The new NCIS billing and customer information system for Seattle City Light and Seattle Public Utilities went live this morning — mostly. According to the team, they had two problems with one of the 40 external applications that NCIS connects to. One of the problems is just slightly annoying; the other one is a small privacy breach that was caught and plugged quickly.
The problematic component is the one that allows customers to view their bill and make payments online, an online service run by a company called Kubra. NCIS electronically sends Kubra a big package of data for each daily billing run, which contains for each customer the account information, the amount due, and a PDF of the bill that the customer would otherwise have received in the mail. Kubra emails a notification to the customer that the bill is ready to be viewed with a link that takes them to a login screen and then to the PDF bill. Once logged in, the customer can also make payments or arrange for automatic payments.
This morning around 3:30am the NCIS team sent the first daily batch of “live” data over to Kubra, containing 1/60th of SPU’s and SCL’s customers (since the utilities bill every two months and spread the customer billing dates over that time). The first thing that went wrong was that Kubra sent out multiple email notifications to customers; 2306 signed up for e-billing got six copies of the email, and 735 who are also signed up for automatic payments got twelve. That’s annoying, but ultimately harmless.
The second thing that went wrong was more serious: the PDFs got mixed up, so if you clicked on the link in the email and logged in to your SCL/SPU account on Kubra, you saw your own account, billing, and payment information, but other customers’ PDF bills in addition to their own.
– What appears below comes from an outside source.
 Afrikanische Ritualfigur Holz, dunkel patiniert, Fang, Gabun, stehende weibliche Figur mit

According to SPU and SCL, the PDF bill contains a customer’s name, address, account number, consumption data (electricity for SCL; water, sewer, and garbage/recycling/yard waste for SPU), any solar production credits, and any Utility Discount Program discount if applicable. It does NOT contain data on method of payment, so bank account and credit card data were not exposed.
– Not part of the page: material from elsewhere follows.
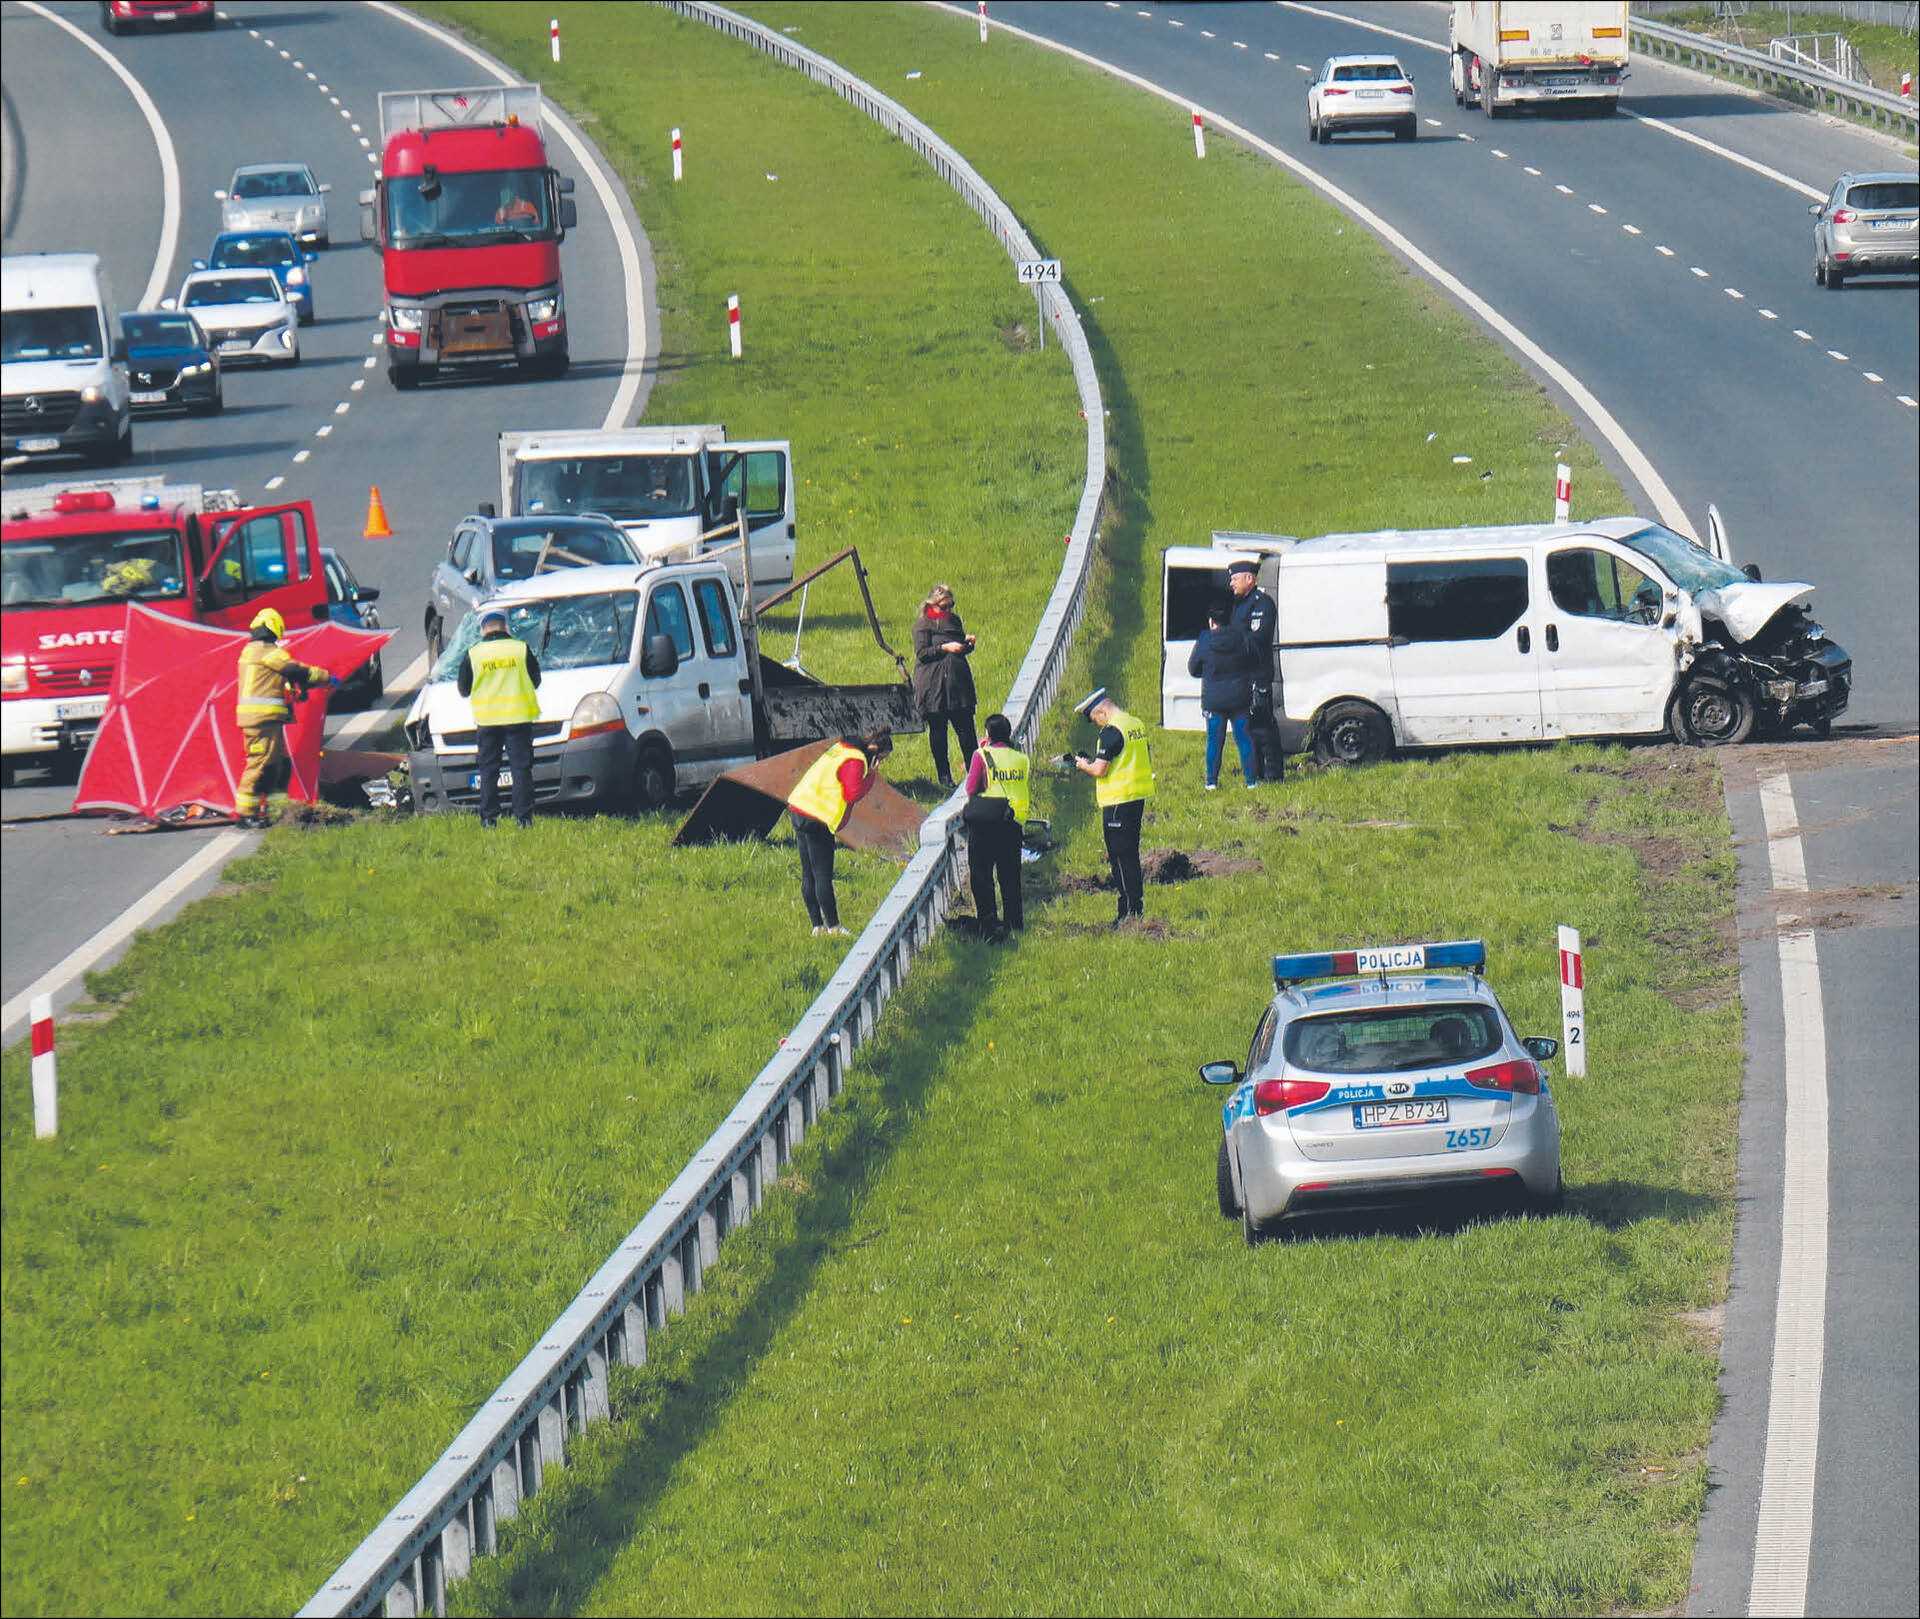 Specjaliści proponują ograniczenie dopuszczalnej prędkości na polskich autostradach

The NCIS team was notified of the problem this morning around 10am. They took the Kubra system offline at 10:30am, and it remains offline. The time period between when the email notifications went out and when the PDFs were no longer available was seven hours –and fortunately most of that was in the wee hours of the morning on a national holiday. Yet the utilities have confirmed that during that period some customers did log in and were in fact shown the wrong PDF bill; they are still trying to determine how many, and whose bills were wrongly shared. Luckily, Kubra doesn’t email out the PDF bills directly, so shutting it down mid-morning instantly closed the privacy hole; the only data that inadvertently got out was when someone actually clicked through to Kubra, logged in, and tried to retrieve their PDF bill this morning before 10:30. Since only 3000 customers received email links this morning, and it was Labor Day, the actual number of wrong bills served up was probably fairly small.
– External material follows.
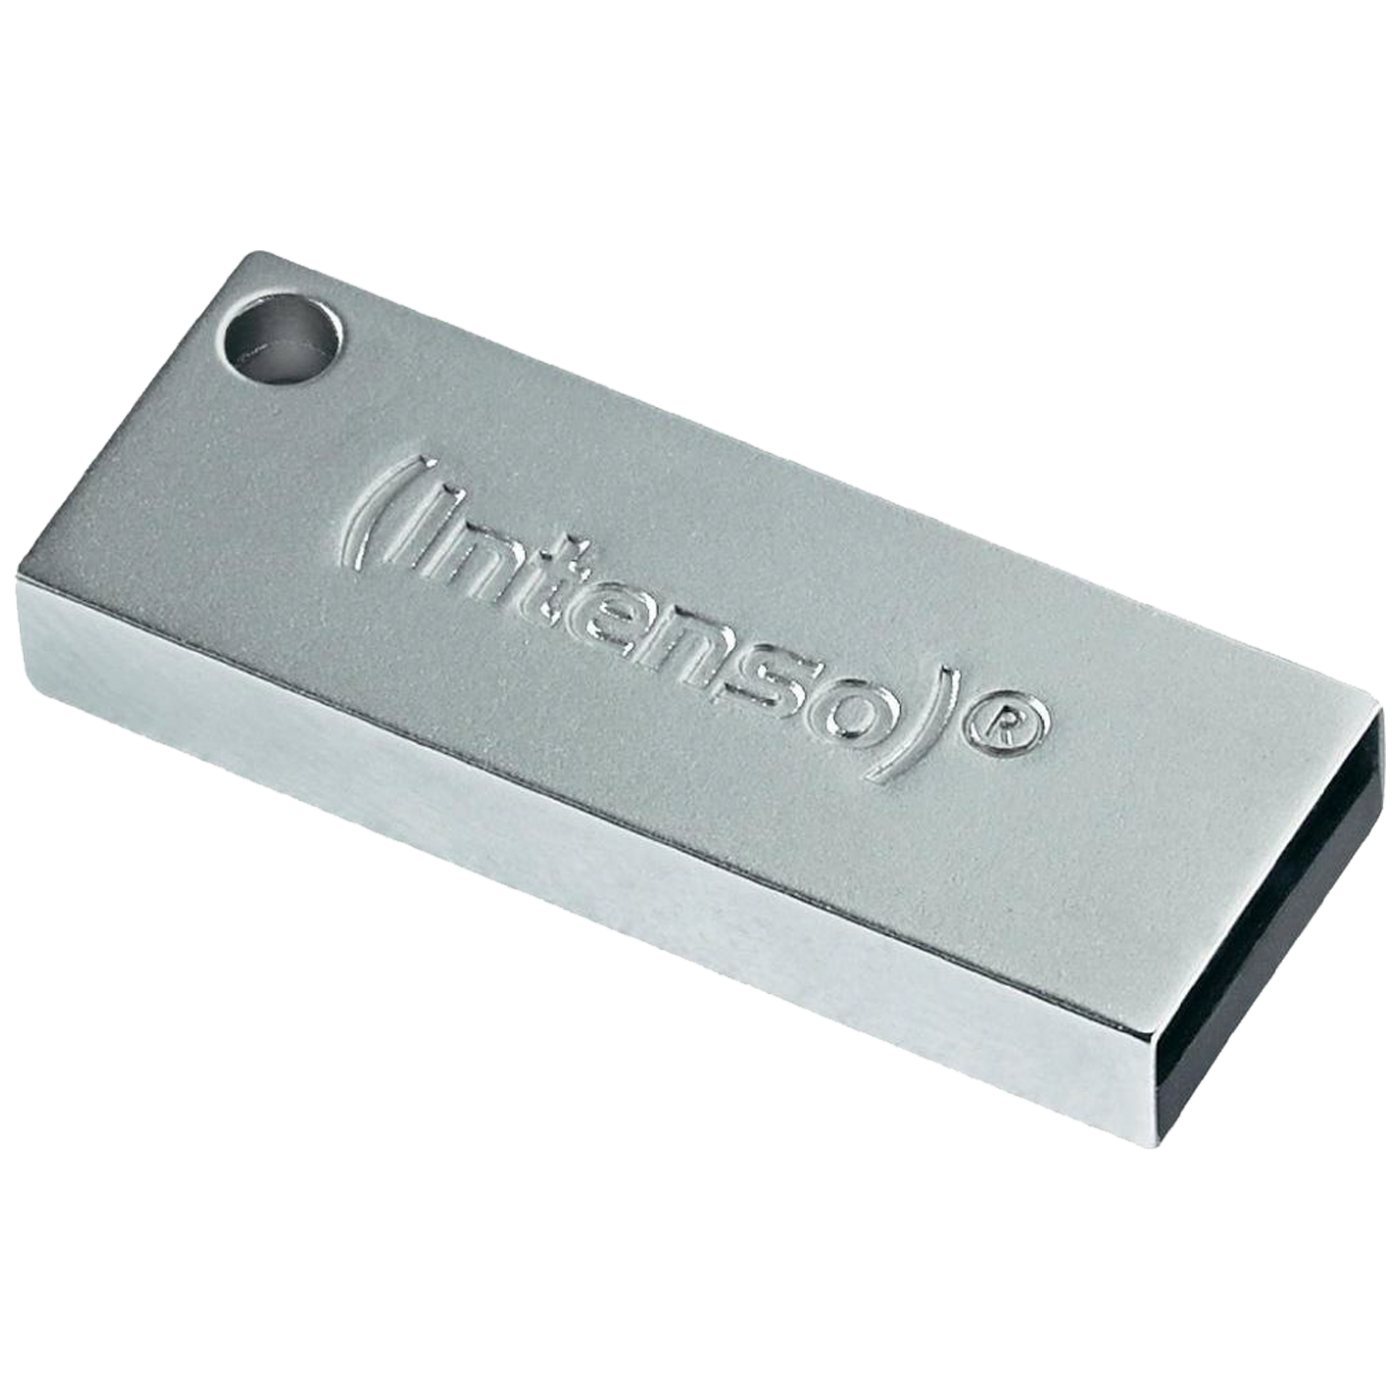 USB3.0-32GB/Premium Line

Still, it’s a privacy hole and the NCIS team need to be accountable for it: not only finding and fixing the bug that caused it, but informing the people whose bill was shared with someone else. A spokesperson for the utilities told me this evening that they are still gathering that data, and that they will have a news release in the morning with more information.
As a former software developer, I can attest that these two bugs don’t represent major design flaws; they are the sort that are easily made with a typo in single line of code, and in fact may be harder to track down than to fix. What is more surprising is that they weren’t caught during testing since they are so obvious. Through the spring the NCIS team’s QA consultant reports show a small but persistent set of bugs in the interface to Kubra, so it was clearly being tested and improved. Either there was a major oversight in the testing protocol, or there is something different in the official live environment than in the system they were testing with. I expect there will be much burning of the midnight oil tonight as they sort that out. And they do need to sort it out quickly, because Kubra remains shut down and they can’t have their online bill presentment and payment system offline for more than a couple of days before the backlog becomes significant and the hit to the revenue stream becomes noticeable. As of 7:30pm this evening, the NCIS team has already restored Kubra access to those customers with a bill date prior to last night, so it only affects the customers in this morning’s batch of bills and those in daily batches moving forward until the problem is resolved.
With a system as big and complicated as NCIS, something was expected to go wrong today — and it did. The PDF mix-up is serious, but if that’s the worst thing to go wrong, and if they can fix it quickly, then they are in pretty good shape overall. The team is still doing validation work on other parts of the system, so they can — and probably will — find other issues that they missed during testing. But tomorrow, when SCL and SPU staff come back from the long weekend and get to work, the real test begins.
Update 9/6/16 7:45am: The utilities clarified this morning that they had backed out yesterday’s batch of bills sent to Kubra and restored online access to all customers.